- _GIVEN MATERIAL_
-=-=-=-=-
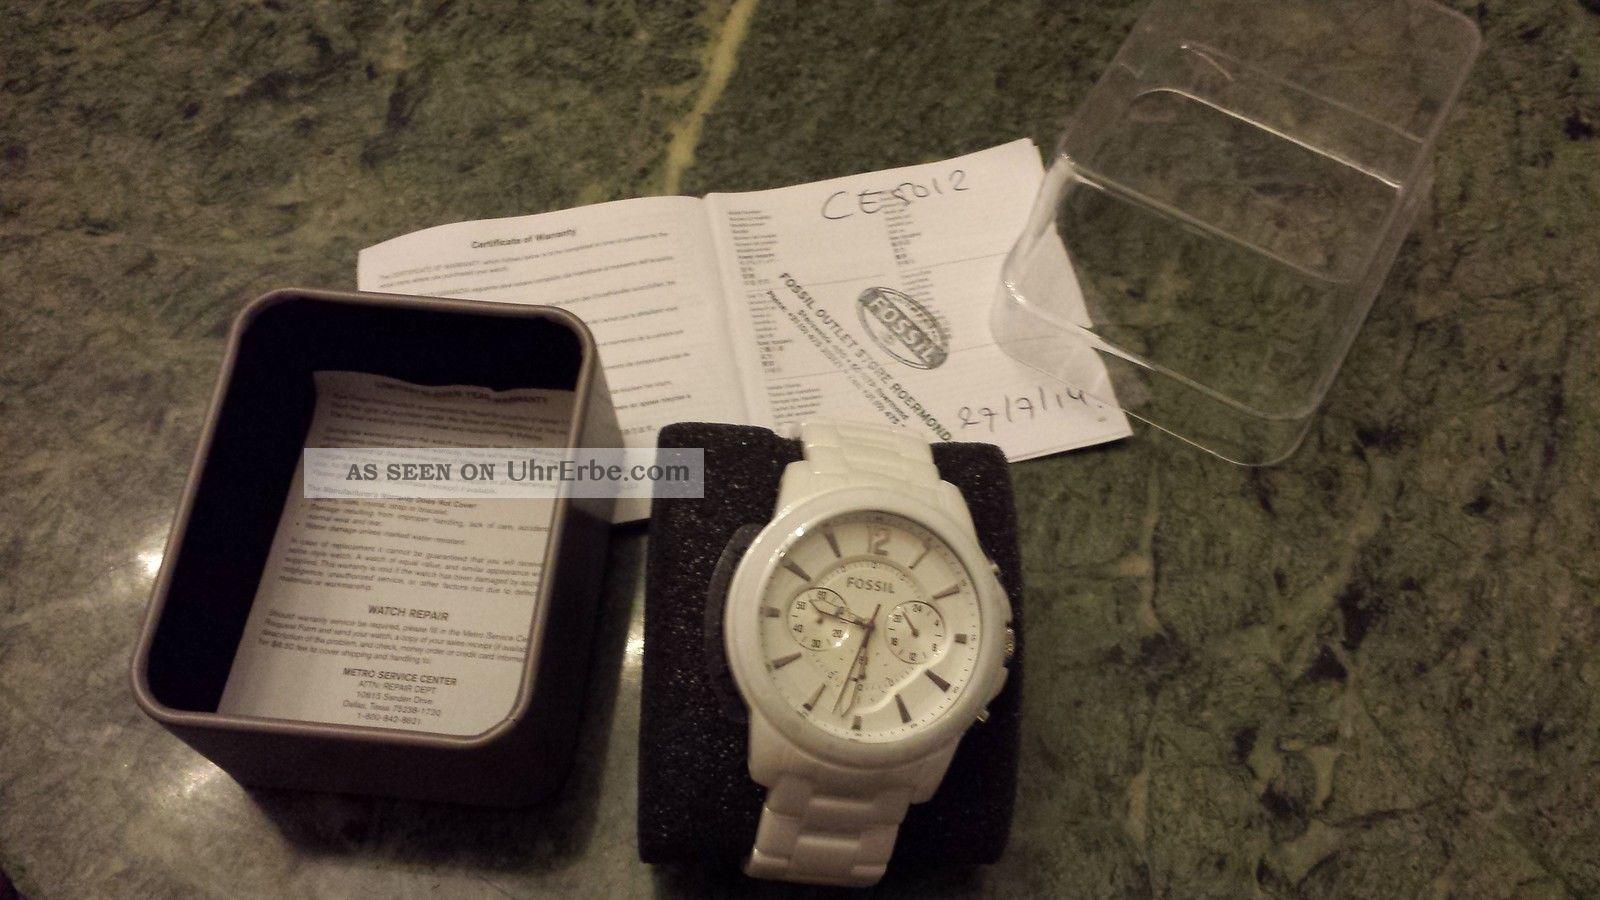 Fossil Uhr Ce5012 Keramik Unisex Armbanduhren Bild
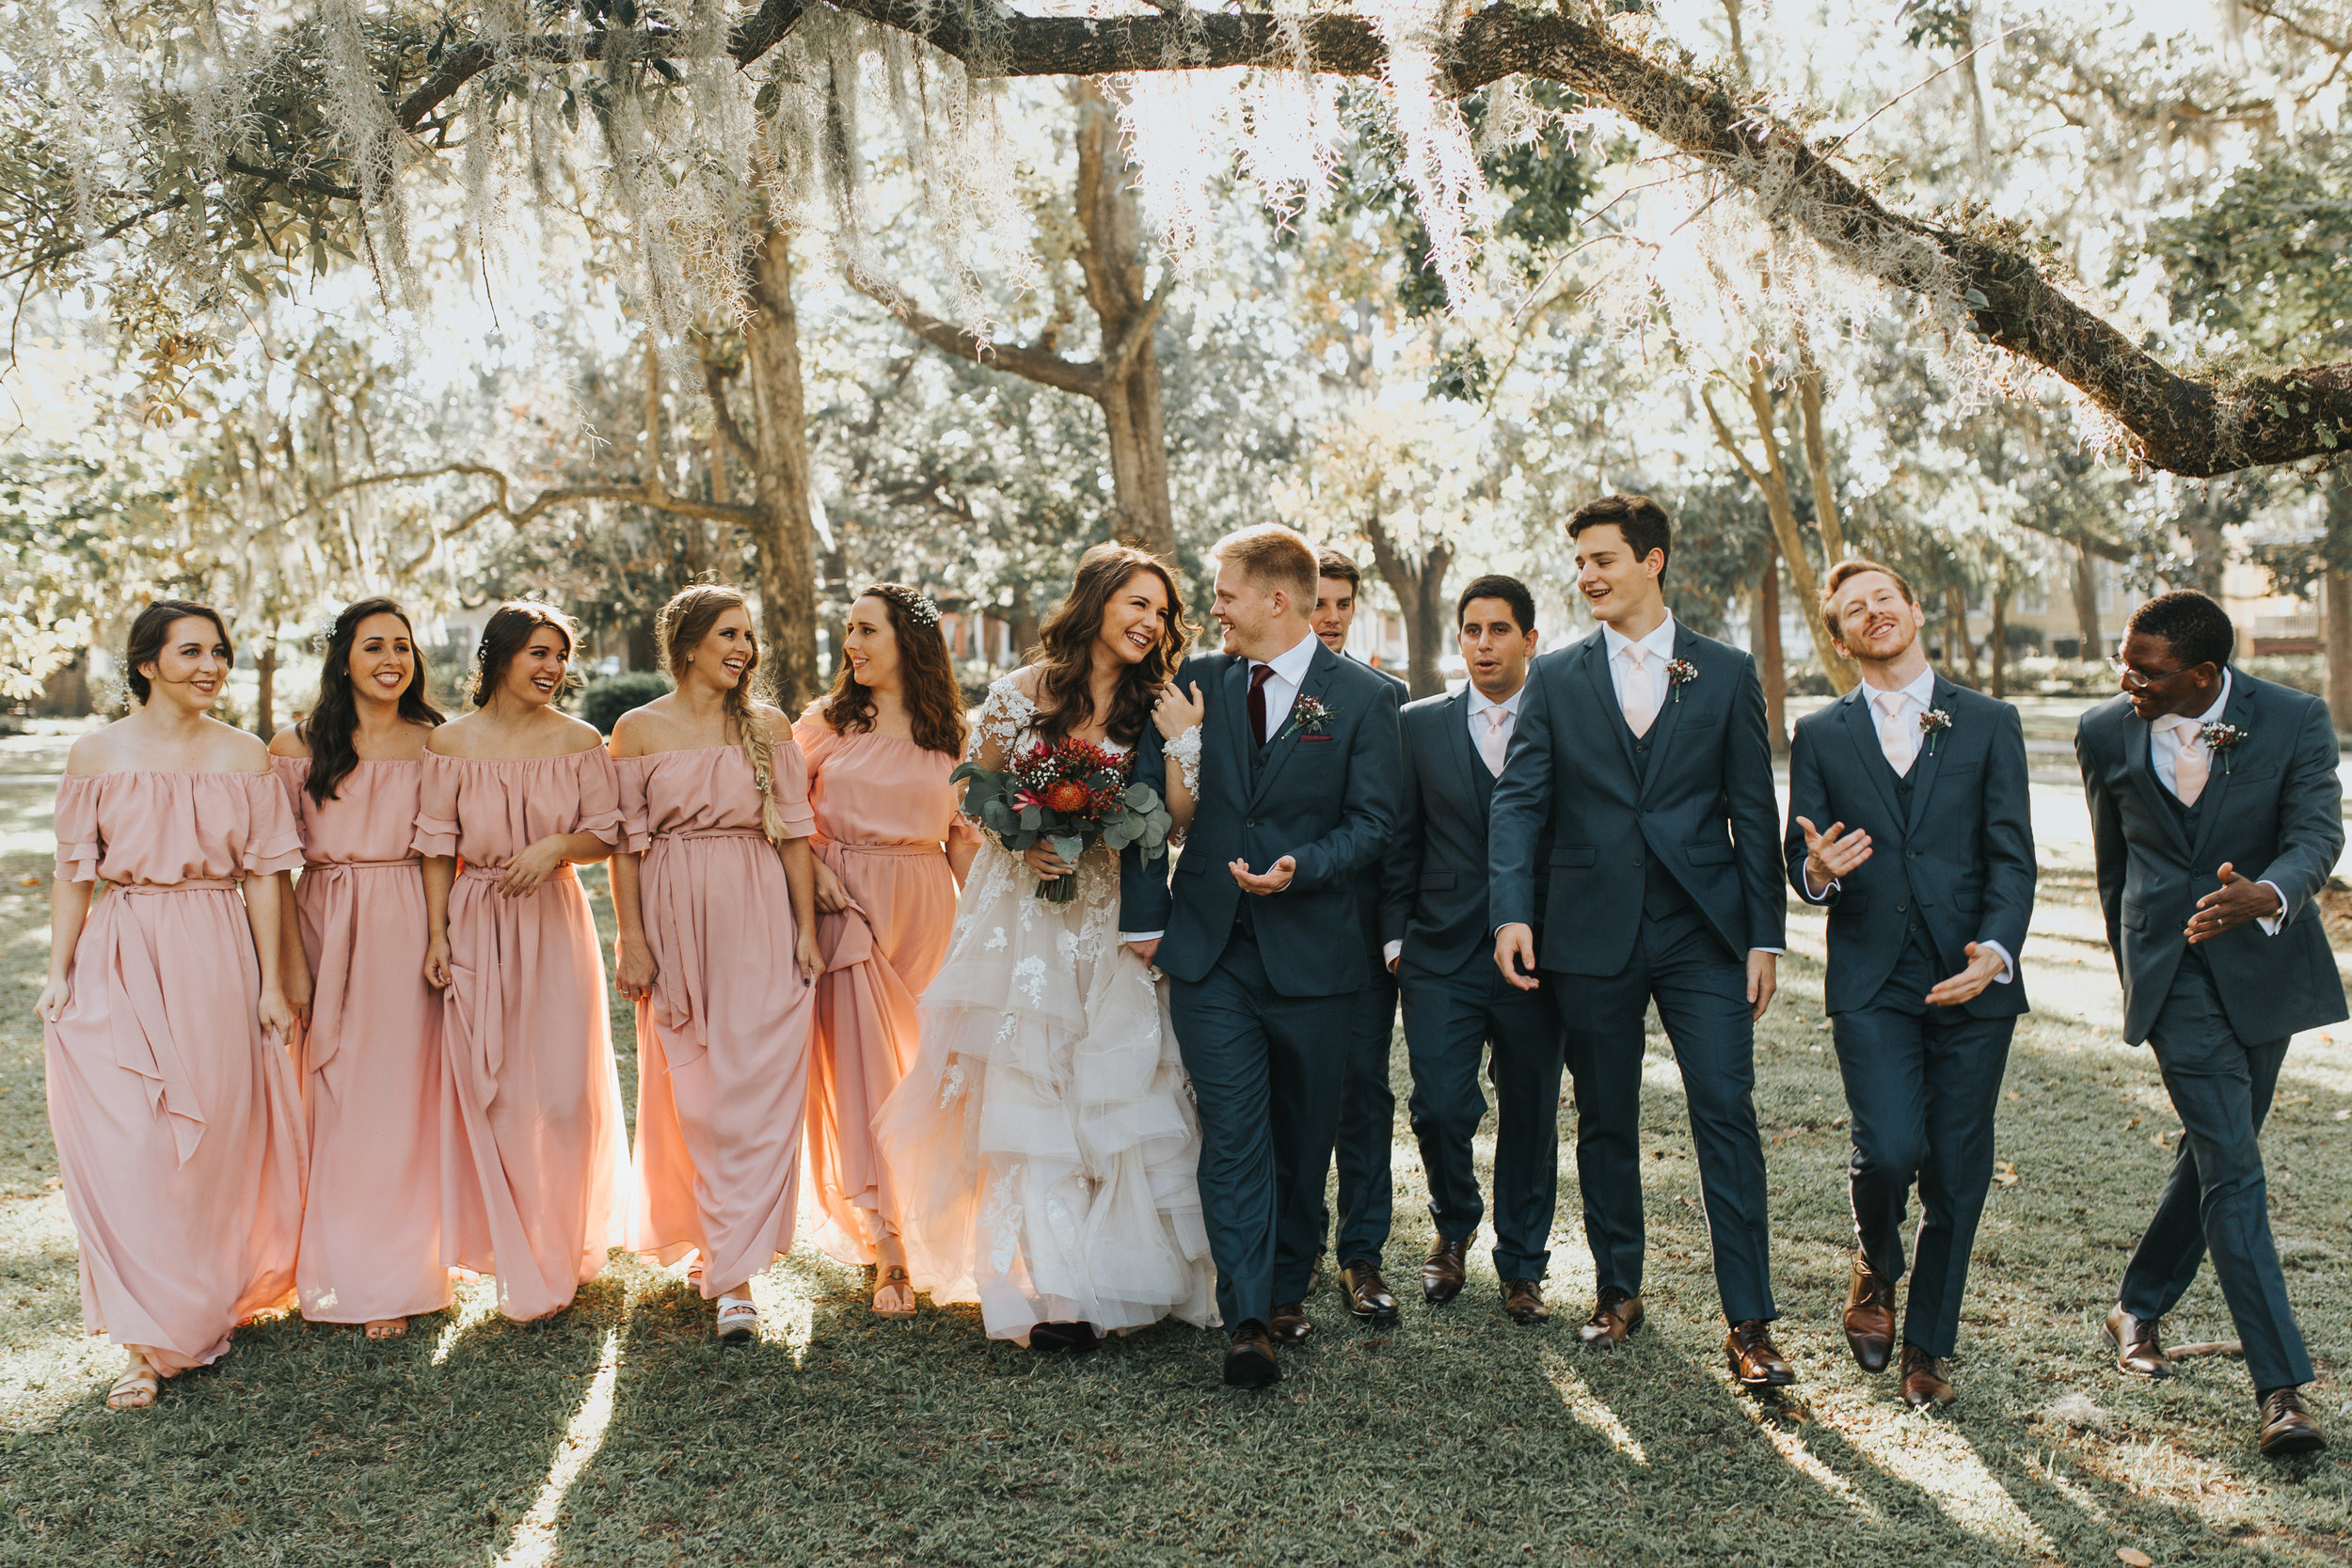 Richmond wedding photographer, Virginia wedding photographer, Destination wedding photographer, Savannah Georgia wedding photographer, Charlottesville wedding photographer, 485.JPG
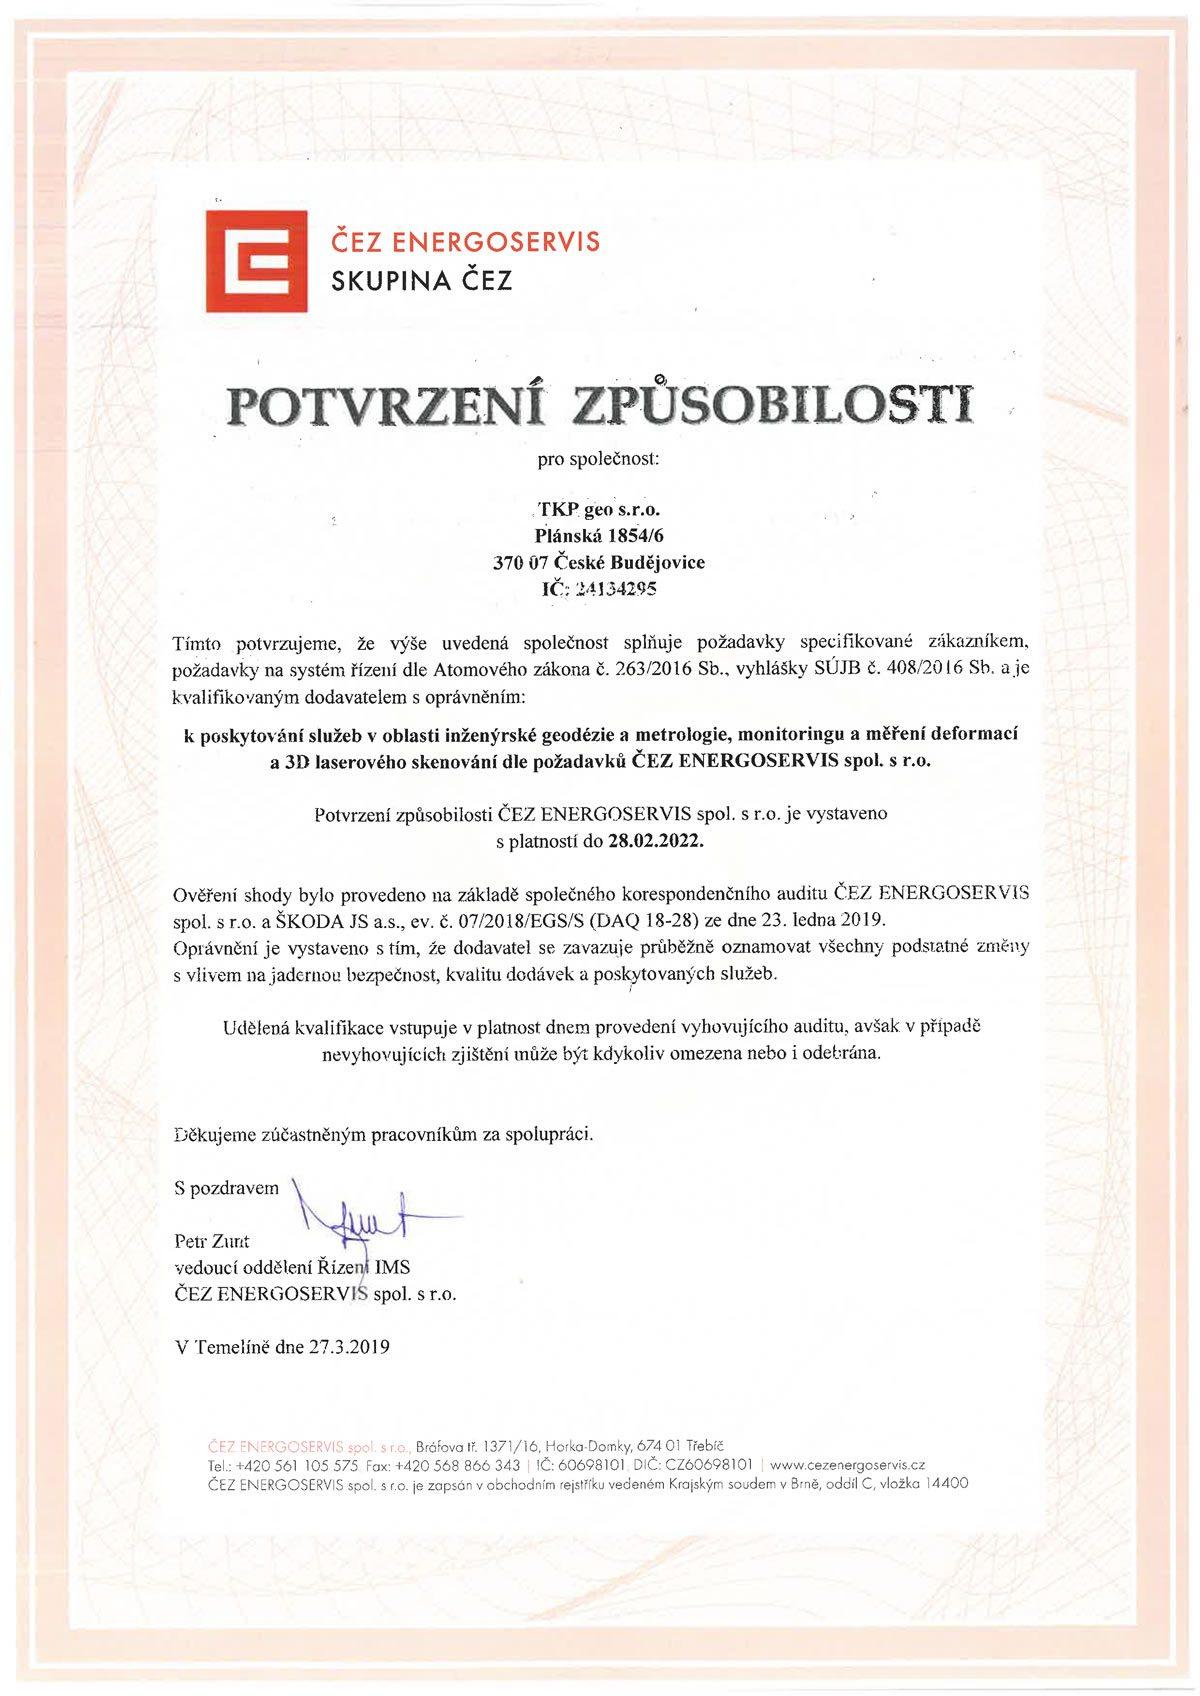 tkp-geo-certifikat-CEZ-Energoservis-2019-2022 / GeoBusiness
-=-=-=-=-
- _REQUIRED ACTION_
In the listing, find the line containing "Richmond wedding photographer, Virginia" and repeat it and every later line through the last one, word for word, excluding the pictures.

- _OUTPUT BELOW_
 Richmond wedding photographer, Virginia wedding photographer, Destination wedding photographer, Savannah Georgia wedding photographer, Charlottesville wedding photographer, 485.JPG
 tkp-geo-certifikat-CEZ-Energoservis-2019-2022 / GeoBusiness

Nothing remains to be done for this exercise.